Submitted to: Agronomy Journal
Publication Type: Peer reviewed journal
Publication Acceptance Date: 10/24/2006
Publication Date: 4/1/2007
Citation: White, J.W., Boote, K.J., Hoogenboom, G., Jones, P.G. 2007. Regression-based evaluation of ecophysiological models. Agronomy Journal 99: 419-427. Interpretive Summary: Ecophysiological models of crops are increasingly used as tools both for research and to guide decisions by growers. Models find use in irrigation management, designing better cultivars, predicting potential impacts of global change, and numerous other fields. It is often difficult to know whether a model is suitable for a particular use, even when large sets of field data are available for model testing. The most widely used statistical tests for judging models have problems and are often misapplied. This paper explains how slightly more complex analyses, which use a technique called “multiple regression” to account for effects of experiments, cultivars or other sources of variation can provide researchers with more reliable estimates of the utility of a model and furthermore, suggest priorities for model improvement. In this study, the CSM-CROPGRO-Soybean model was evaluated, testing for effects of environment, cultivars, and environmental conditions such as temperature or daylength. When applied to 28 data sets for soybean, representing 11 locations and 17 cultivars (giving a total 113 treatment combinations), the regressions showed that the model simulated days to anthesis and grain yield well for a wide range of environmental conditions and associated yield levels. Differences among environments represented a larger portion of unexplained variation than did differences among cultivars. Thus, the model might be improved be examining how it describes soybean response to environment rather than how it describes cultivar differences. Alternatively, there may be problems with the input data for soil or weather conditions during the experiments. Use of multiple regression should lead to better matching of models to practical applications and help identify aspects of models that require improvement. Ultimately, growers, policy makers and other stakeholders will benefit from more reliable predictions of how crops respond to management or to external factors such as changing climate.

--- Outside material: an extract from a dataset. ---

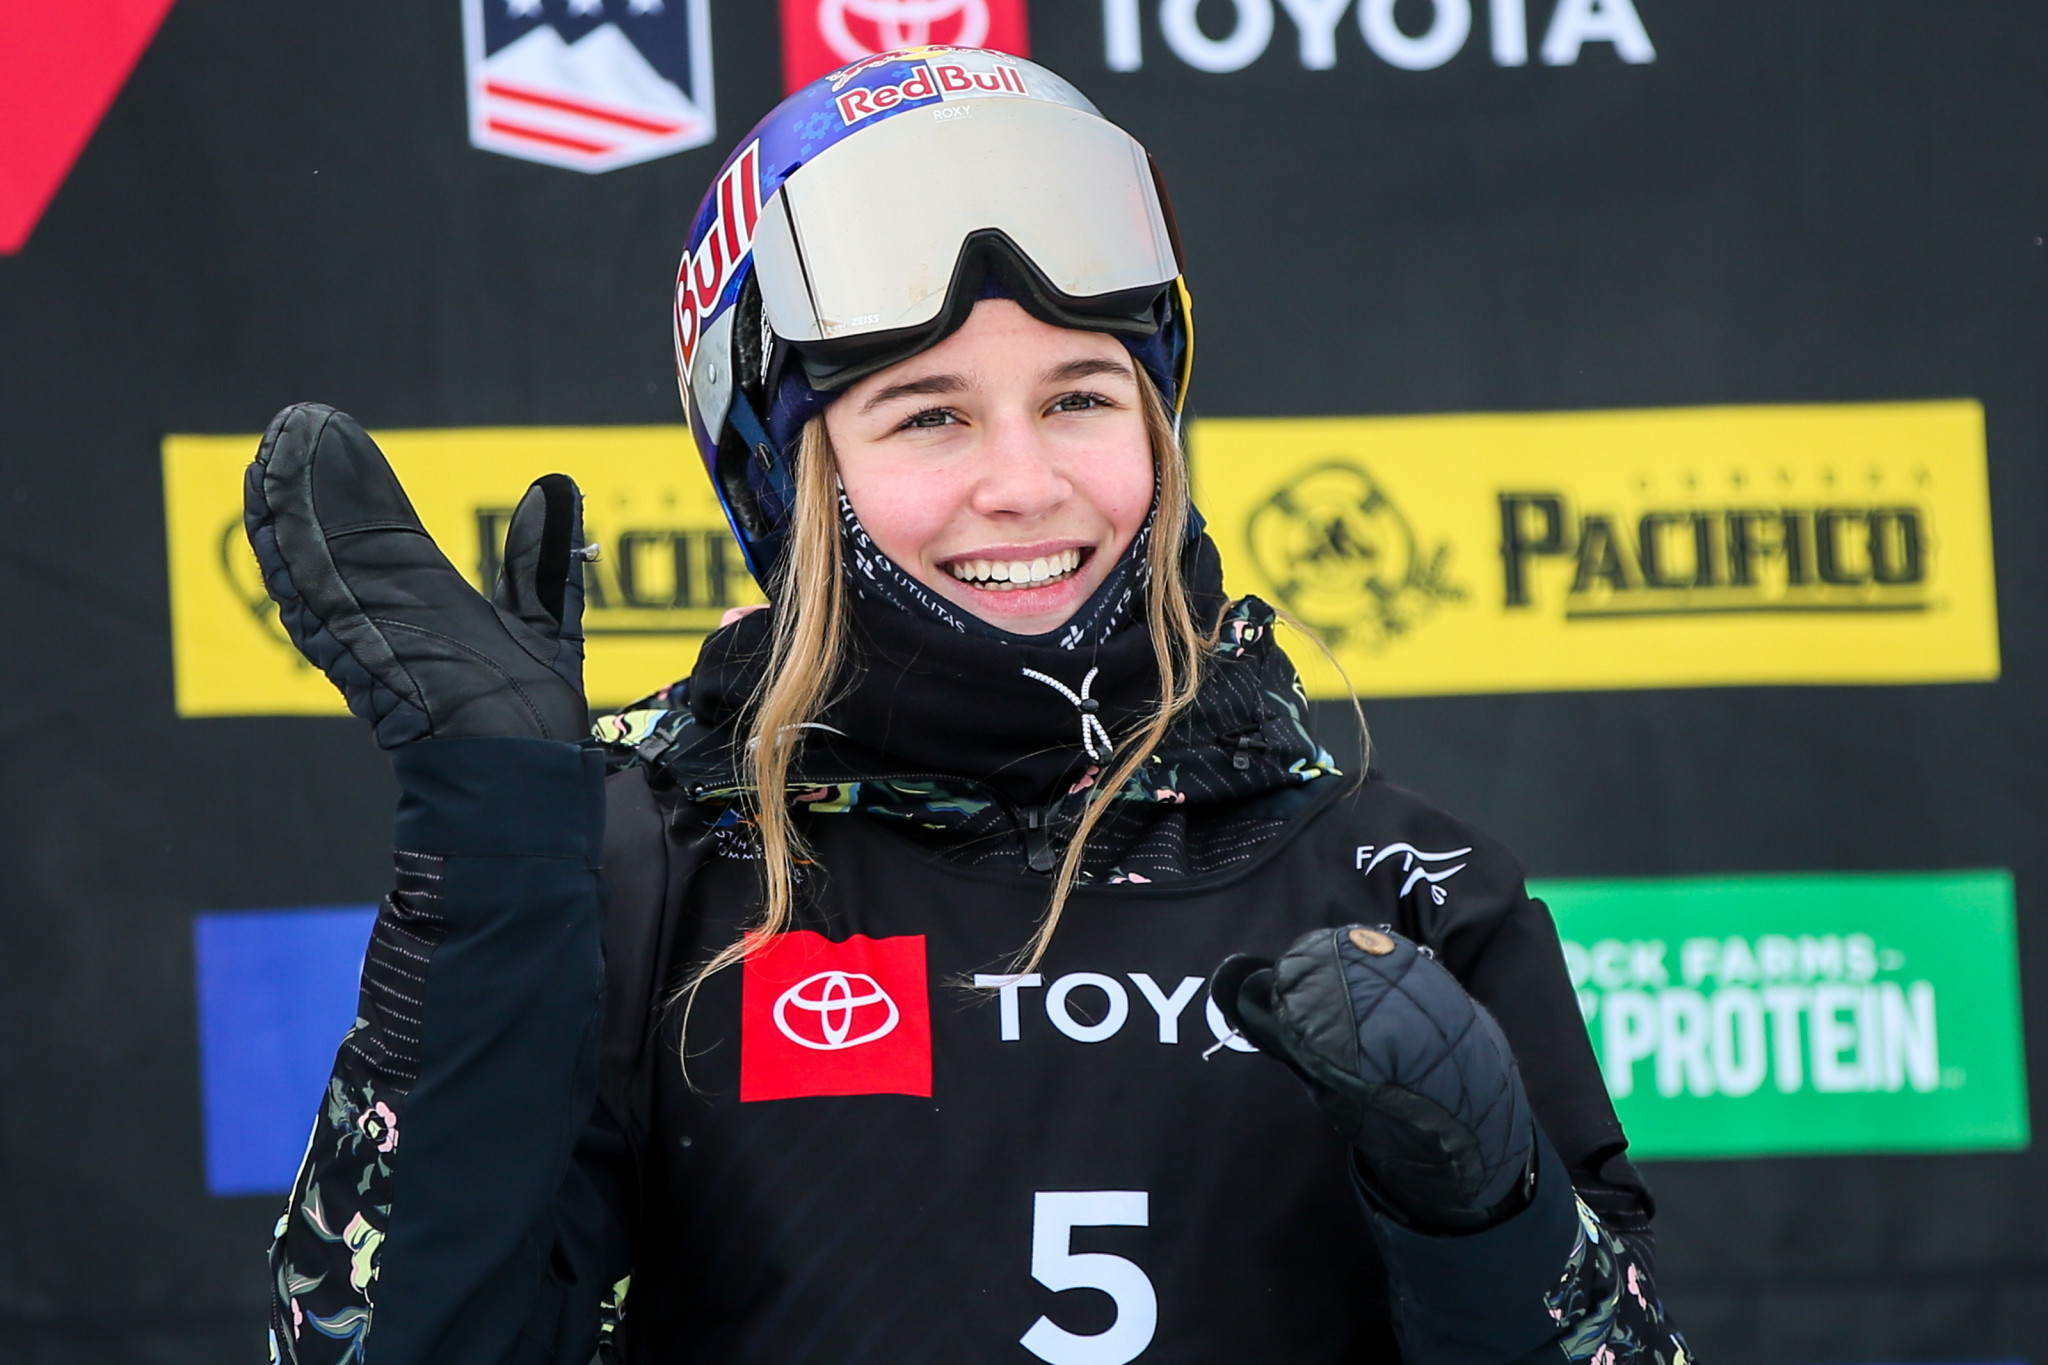 Teenage sensation Sildaru dominates women's slopestyle qualifying at FIS World Junior Freestyle Skiing Championship
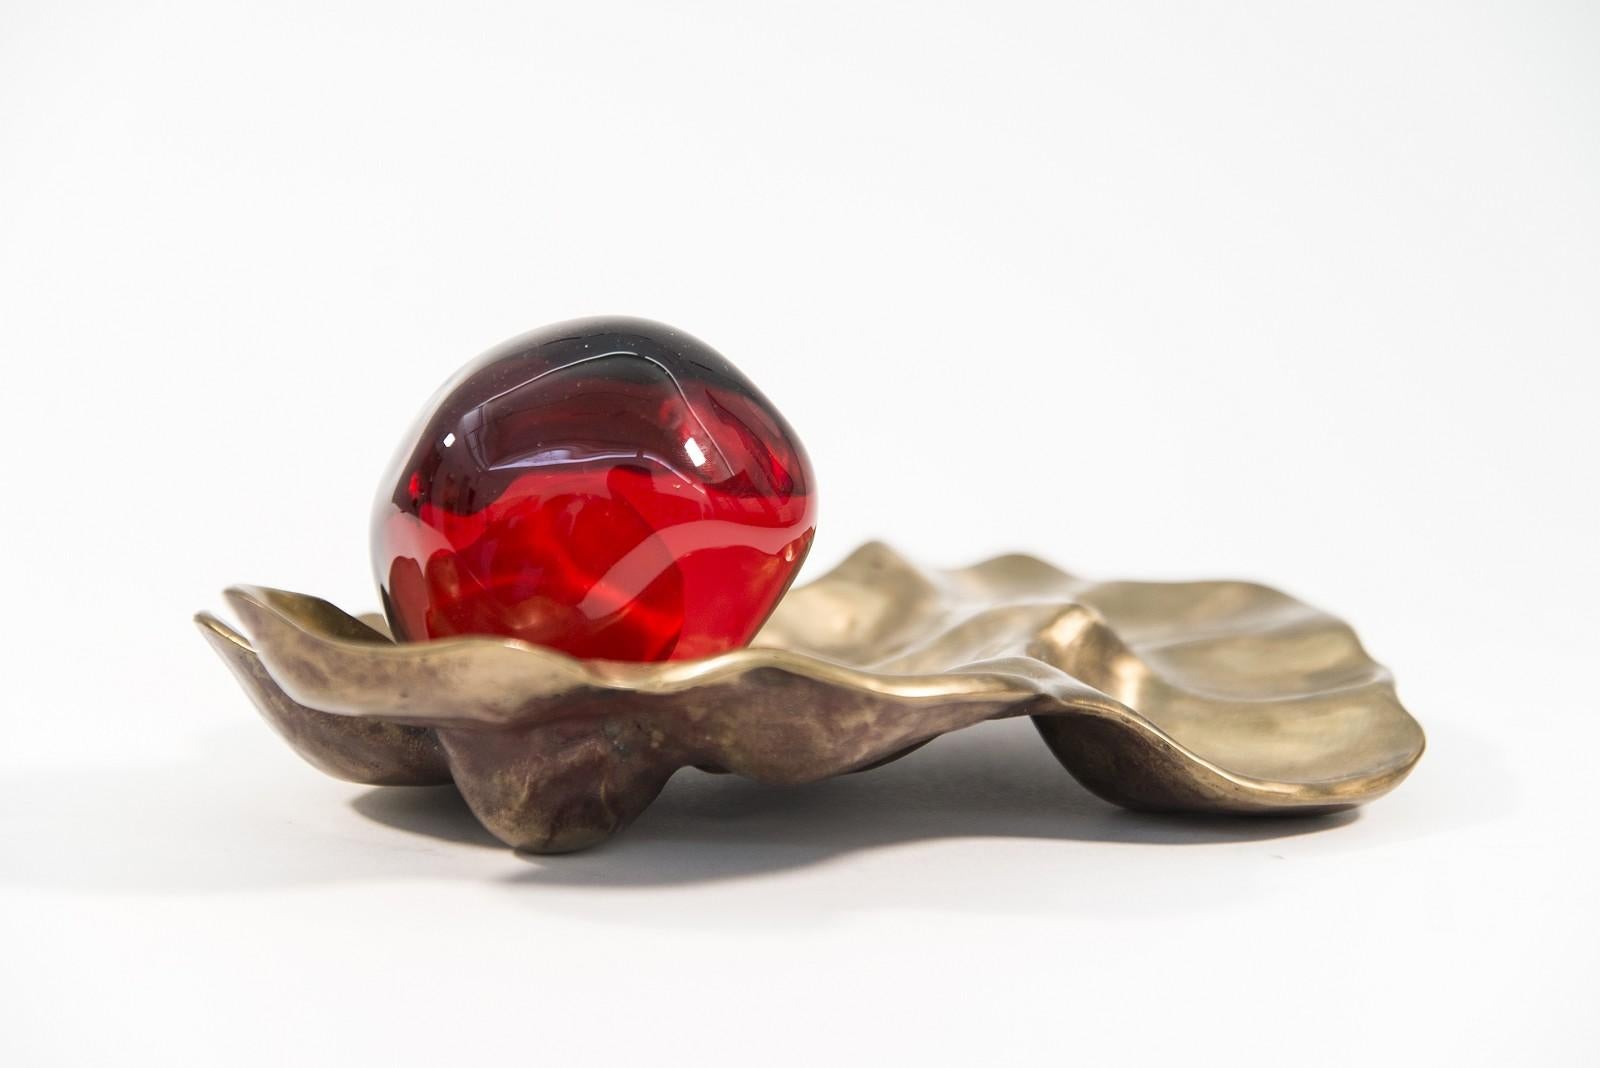 Grenade avec enveloppe - petite sculpture en verre, bronze, nature morte, rouge vif - Or Figurative Sculpture par Catherine Vamvakas Lay

Technical Abstract: Ecophysiological models of crops are increasingly used as research and decision support tools for topics ranging from precision agriculture to global change. It is often difficult to assess how suitable a model is for a particular application, even when large sets of field data are readily available for testing the model. Basic procedures for model evaluation have been widely published but have deficiencies. Many techniques rely on bivariate linear regressions between observed and simulated values of a trait. Bivariate regressions assume statistical independence among all observed values, but field observations often have dependencies if they originate from series of experiments or involve experiments using nested designs (e.g., with split plots). By representing effects of experiments, cultivars or other sources of variation as factors, linear regression models can specify expected dependencies, permitting analyses that are statistically more rigorous and provide more insights into model performance. The goal of this study was to evaluate the CSM-CROPGRO-Soybean model using regressions that included environment and cultivars as factors as well as continuous variables such as temperature or daylength. When applied to 28 data sets for soybean (Glycine max. (L.) Merr.), representing 11 locations and 17 cultivars (giving a total 113 treatment combinations), the regressions showed that the model simulated days to anthesis and grain yield well for a wide range of environmental conditions and associated yield levels. Differences among environments represented a larger portion of unexplained variation than did differences among cultivars. This suggests that further improvements in the model should be sought in crop response to environment rather than in representing cultivars, or alternatively, that description of environments such as soil profiles or daily weather are more problematic than characterizing cultivars. The sub-model for photosynthesis that scales leaf-level values to canopy resulted in more accurate simulations of grain yield than the simpler canopy-level sub-model. Multiple regression is a valuable tool for analyzing crop models, allowing diverse tests that are much more informative than bi-variate comparisons of observed and simulated data.